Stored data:

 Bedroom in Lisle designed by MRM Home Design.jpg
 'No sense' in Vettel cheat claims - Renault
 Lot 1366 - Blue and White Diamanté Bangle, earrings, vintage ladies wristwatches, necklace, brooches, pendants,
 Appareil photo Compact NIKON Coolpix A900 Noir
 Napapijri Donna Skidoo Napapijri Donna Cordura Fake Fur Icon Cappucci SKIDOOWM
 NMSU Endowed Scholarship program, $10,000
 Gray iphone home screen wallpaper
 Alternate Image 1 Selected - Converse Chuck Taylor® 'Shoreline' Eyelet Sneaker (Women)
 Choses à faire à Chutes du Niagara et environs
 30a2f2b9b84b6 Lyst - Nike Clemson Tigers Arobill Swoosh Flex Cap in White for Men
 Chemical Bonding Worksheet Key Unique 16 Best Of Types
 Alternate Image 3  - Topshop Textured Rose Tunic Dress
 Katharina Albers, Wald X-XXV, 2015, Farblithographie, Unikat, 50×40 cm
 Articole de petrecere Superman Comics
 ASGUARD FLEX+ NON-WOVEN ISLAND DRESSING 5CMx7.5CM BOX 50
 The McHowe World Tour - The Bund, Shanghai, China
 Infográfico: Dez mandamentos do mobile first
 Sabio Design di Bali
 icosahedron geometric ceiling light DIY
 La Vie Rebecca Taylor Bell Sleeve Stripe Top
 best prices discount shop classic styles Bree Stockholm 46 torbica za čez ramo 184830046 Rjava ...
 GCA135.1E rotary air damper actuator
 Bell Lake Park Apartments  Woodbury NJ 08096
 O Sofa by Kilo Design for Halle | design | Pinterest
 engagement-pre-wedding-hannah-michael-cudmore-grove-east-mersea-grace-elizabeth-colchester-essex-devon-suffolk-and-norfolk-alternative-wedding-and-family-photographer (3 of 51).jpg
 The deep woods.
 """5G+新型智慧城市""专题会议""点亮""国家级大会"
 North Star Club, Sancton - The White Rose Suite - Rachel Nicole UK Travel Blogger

ABOUT THIS EXERCISE
Reproduce exactly, and only, the lines from the start of the entries through the one that contains "NMSU Endowed Scholarship program, $10,000".

TASK ANSWER
 Bedroom in Lisle designed by MRM Home Design.jpg
 'No sense' in Vettel cheat claims - Renault
 Lot 1366 - Blue and White Diamanté Bangle, earrings, vintage ladies wristwatches, necklace, brooches, pendants,
 Appareil photo Compact NIKON Coolpix A900 Noir
 Napapijri Donna Skidoo Napapijri Donna Cordura Fake Fur Icon Cappucci SKIDOOWM
 NMSU Endowed Scholarship program, $10,000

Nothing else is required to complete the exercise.